Imagine you’re planning a road trip and ask your digital assistant, What’s the fastest route to the mountains right now? Without real-time information, it suggests a highway based on outdated traffic patterns, leaving you stuck in a detour. But with live traffic updates, it would have detected the closure and guided you through a quicker scenic route. This highlights a core limitation of large language models (LLMs): their reliance on static, pre-trained knowledge often leads to outdated or incomplete answers.Retrieval-augmented generation (RAG) addresses this by combining LLMs with external knowledge sources like databases or search engines. Rather than relying only on stored knowledge, RAG retrieves relevant information and incorporates it into the model’s response. This is useful for answering questions about recent events or specialized topics. However, traditional RAG systems are far from perfect.
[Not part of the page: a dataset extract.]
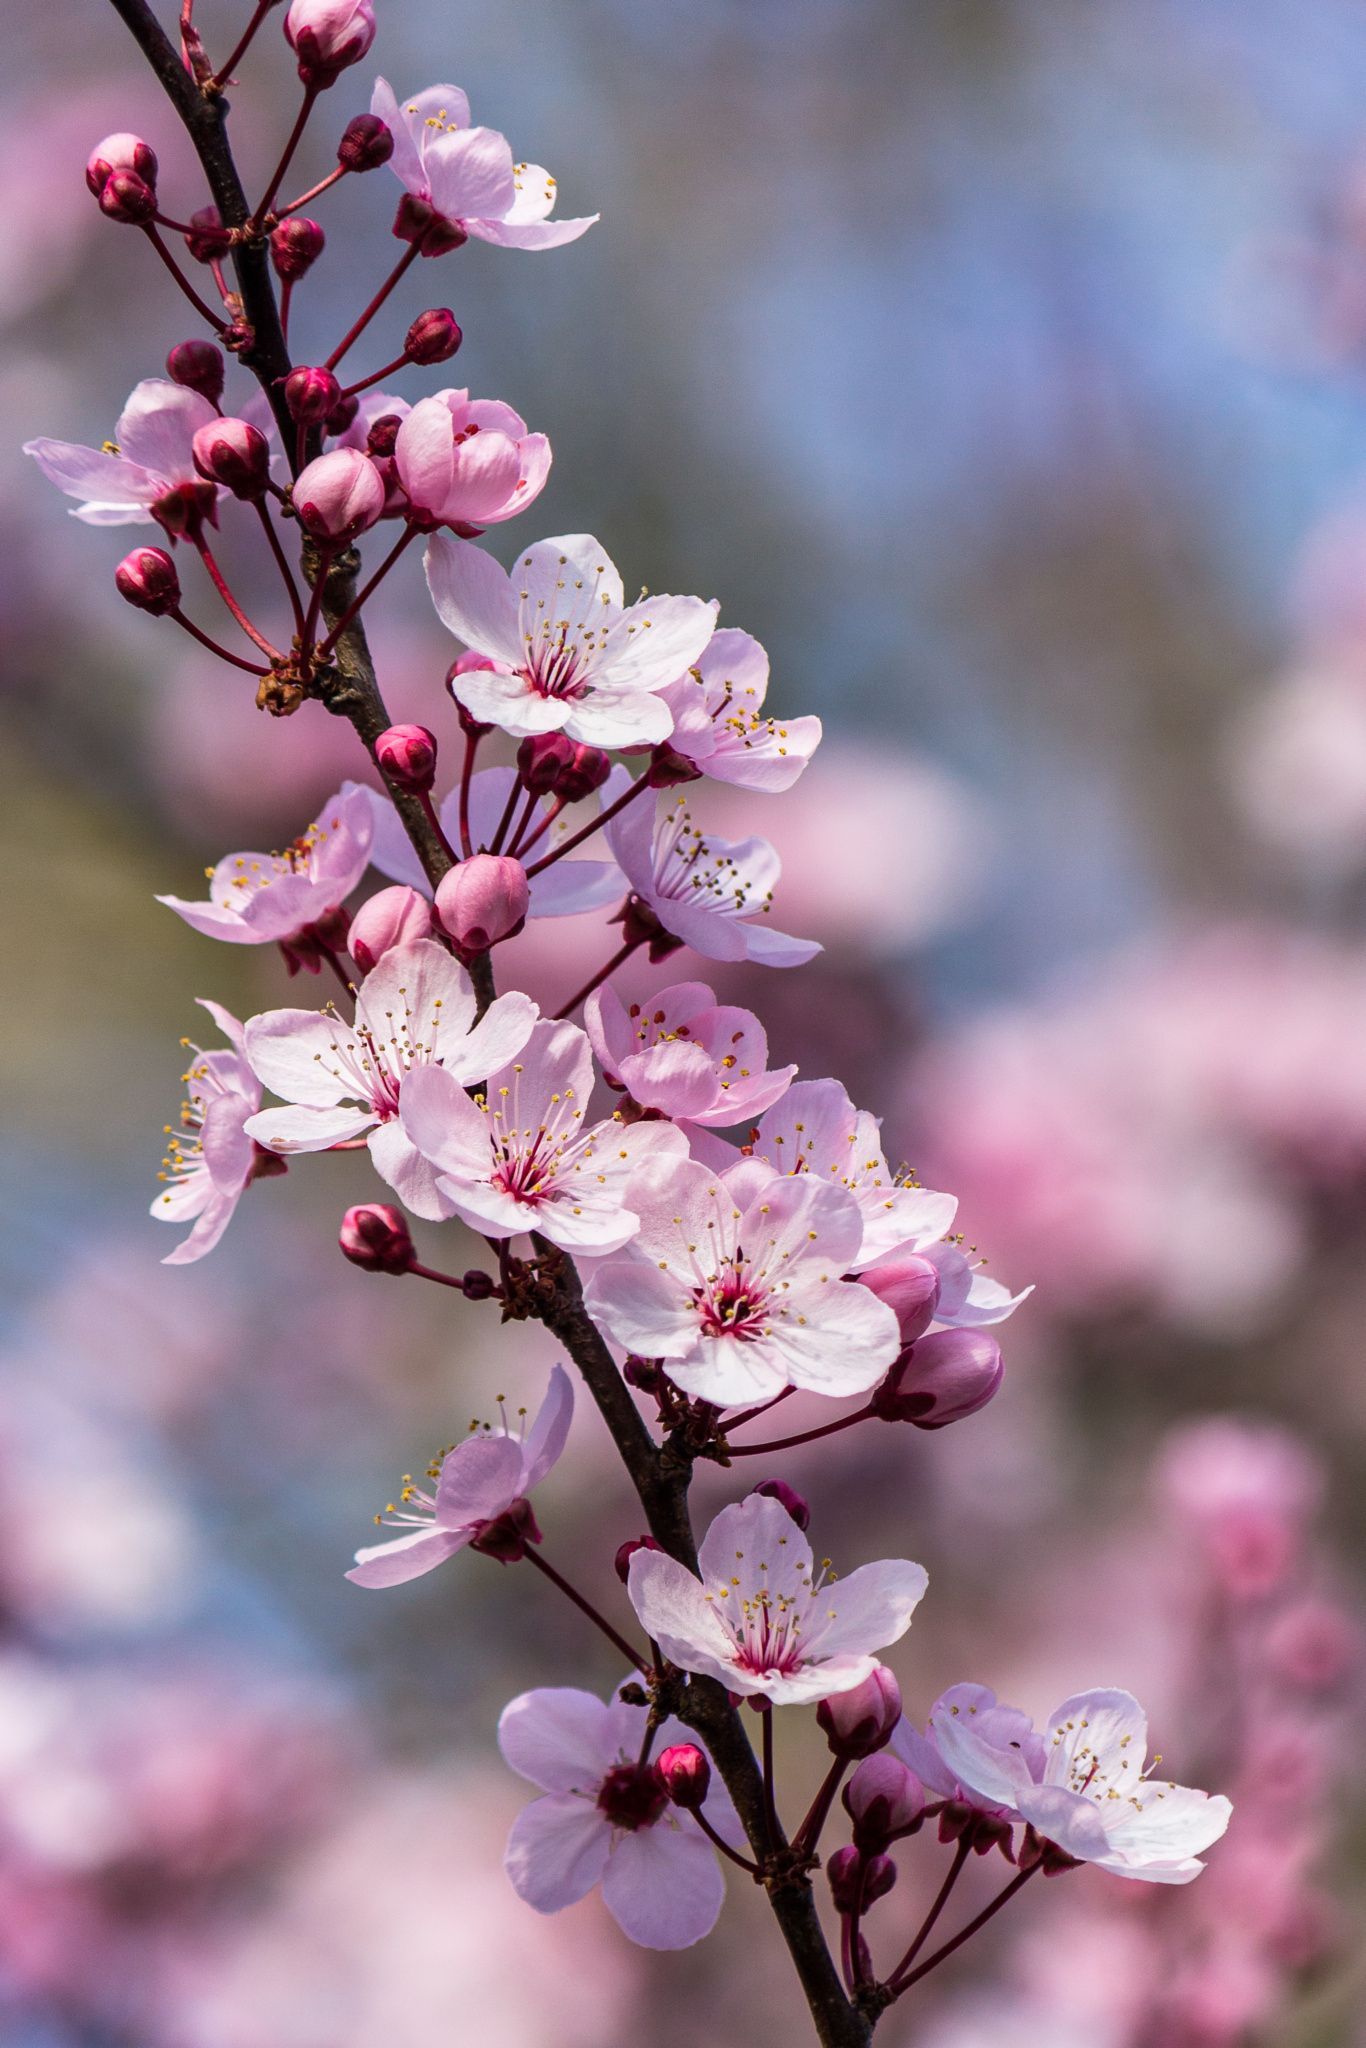 Visions of Plum Blossoms. Cherry blossom picture, Cherry blossom wallpaper, Beautiful flowers wallpaper

They often retrieve irrelevant information, miss crucial details, or waste resources on unnecessary lookups.DeepRAG, introduced in the paper DeepRAG: Thinking to Retrieval Step by Step for Large Language Models, solves these issues with a more adaptive approach. Instead of treating retrieval as a single step, it breaks complex questions into smaller subqueries and decides at each stage whether to rely on internal knowledge or fetch external data. Techniques like binary tree search, which explores different answer paths, and imitation learning, where the model is trained using expert examples, help DeepRAG retrieve only what is necessary. This step-by-step approach reduces wasted searches and improves answer accuracy.In this article, we’ll explore how DeepRAG works, unpack its key components, and show how vector databases like Milvus and Zilliz Cloud can further enhance its retrieval capabilities.
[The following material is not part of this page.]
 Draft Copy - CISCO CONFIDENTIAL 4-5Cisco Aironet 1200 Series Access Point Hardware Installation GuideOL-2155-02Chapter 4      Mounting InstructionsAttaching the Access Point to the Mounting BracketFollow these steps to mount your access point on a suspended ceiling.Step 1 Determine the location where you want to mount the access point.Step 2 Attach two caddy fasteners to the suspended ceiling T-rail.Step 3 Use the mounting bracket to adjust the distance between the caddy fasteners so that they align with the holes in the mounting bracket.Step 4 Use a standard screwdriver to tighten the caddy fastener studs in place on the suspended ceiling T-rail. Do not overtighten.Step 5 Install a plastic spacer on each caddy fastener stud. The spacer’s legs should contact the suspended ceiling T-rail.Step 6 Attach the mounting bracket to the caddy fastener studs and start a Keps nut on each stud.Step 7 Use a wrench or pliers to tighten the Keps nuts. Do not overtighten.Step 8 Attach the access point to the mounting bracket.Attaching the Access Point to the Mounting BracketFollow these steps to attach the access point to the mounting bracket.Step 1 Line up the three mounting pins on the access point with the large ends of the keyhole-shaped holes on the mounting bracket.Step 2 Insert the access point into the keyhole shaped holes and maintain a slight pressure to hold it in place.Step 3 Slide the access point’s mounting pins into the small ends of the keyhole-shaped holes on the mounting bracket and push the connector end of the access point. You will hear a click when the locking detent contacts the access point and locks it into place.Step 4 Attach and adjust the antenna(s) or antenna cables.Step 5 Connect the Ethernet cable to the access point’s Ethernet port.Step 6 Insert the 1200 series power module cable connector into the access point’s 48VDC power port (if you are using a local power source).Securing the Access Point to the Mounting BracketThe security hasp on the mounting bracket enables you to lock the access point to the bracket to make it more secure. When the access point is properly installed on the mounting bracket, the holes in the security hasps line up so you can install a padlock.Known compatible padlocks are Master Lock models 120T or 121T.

The Shortcomings of Static Knowledge and Naive Retrieval
While large language models (LLMs) excel at generating coherent responses, they fall short when queries demand current, specific, or deeply contextual knowledge. This is because their knowledge is based on static datasets collected during training, which limits their ability to answer questions that require real-time or specialized information. Once training is complete, their knowledge is frozen, making them unreliable for queries that demand timeliness, specificity, or dynamic context.
Timeliness: For topics like current events or live updates, LLMs provide outdated information. When asked, “Who won the World Cup this year?”, the model may answer based on past tournaments rather than the most recent results.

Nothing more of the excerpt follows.